CVS/pharmacy’s national in-store Advancing Medical Research campaign ran from late May through June. Supporters of the 2012 campaign had the option of donating at the register in CVS/pharmacy locations across the country or online. All funds raised have been earmarked for medical research to find cures for ALS and cystic fibrosis and to help improve the quality of life for those living with these debilitating and deadly diseases.
ALS is a life-altering diagnosis for patients and the family, friends and community surrounding them. The disease disrupts muscle function while leaving the brain intact, ultimately causing patients to become “trapped” in their own body. Life expectancy is just four to six years. There is no known cause or cure for ALS, which affects approximately 30,000 Americans, with 5,000 new cases diagnosed each year. To date, CVS/pharmacy has raised more than $27 million in support of ALS research.

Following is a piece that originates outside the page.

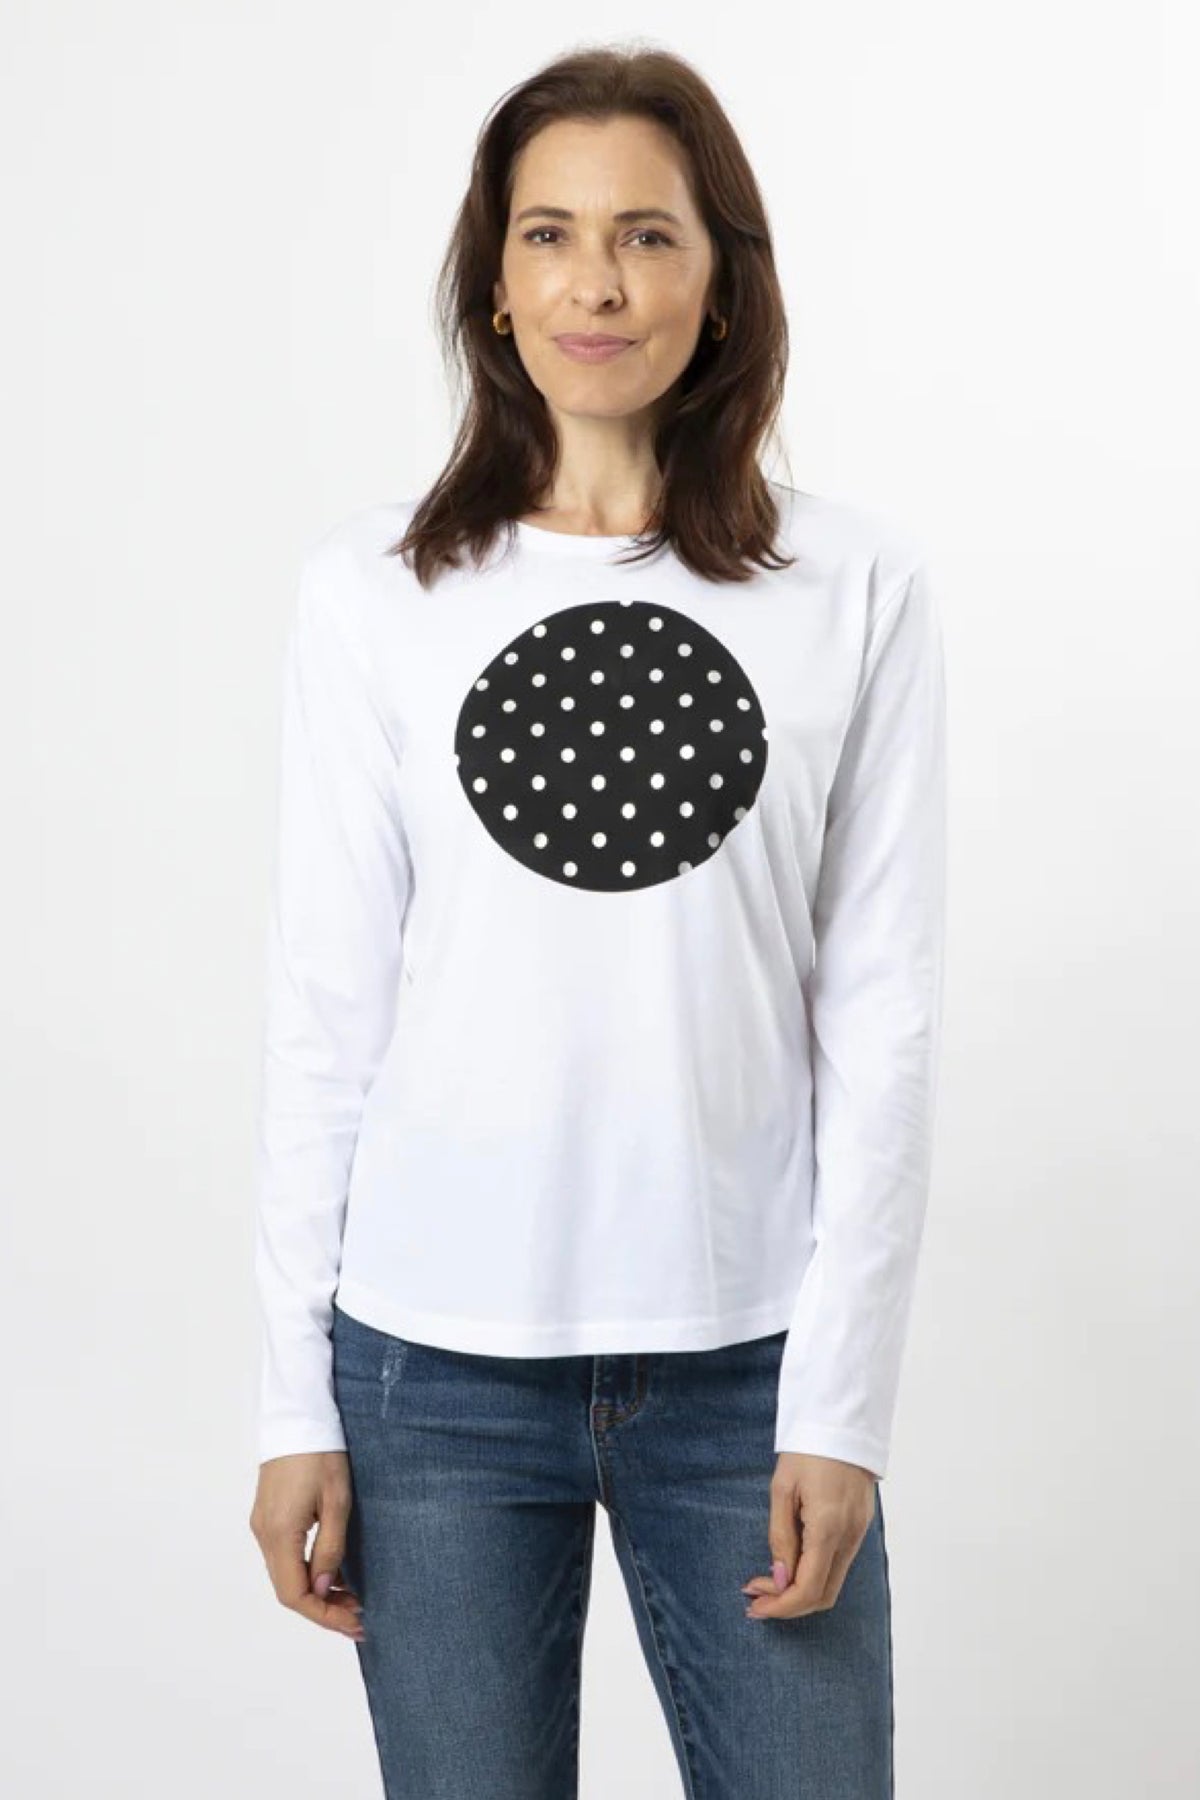 LS Tee White Black Pearl Spot - PREORDER DELIVERY EARLY APRIL

For 10 years, CVS/pharmacy’s in-store fundraising campaign focused on raising funds for ALS research, reaching a tally last year of more than $27 million donated to the ALS Therapy Alliance for medical research. CVS Caremark decided this year to expand its efforts and help children living with cystic fibrosis. As a result, the ALS Therapy Alliance and the Cystic Fibrosis Foundation will each receive more than $2.5 million this year to use for medical research.
Cystic fibrosis is a fatal genetic disease that causes debilitating lung infections and premature death. It affects about 30,000 children and adults in the United States. In January, a major advance in the fight against CF was realized when a new, breakthrough medication was approved by the U.S. Food and Drug Administration. Called Kalydeco, it’s the first drug that targets the underlying cause of cystic fibrosis for a small segment of people with the disease. The Advancing Medical Research campaign will support research and development for drug therapies like Kalydeco to help more people living with cystic fibrosis.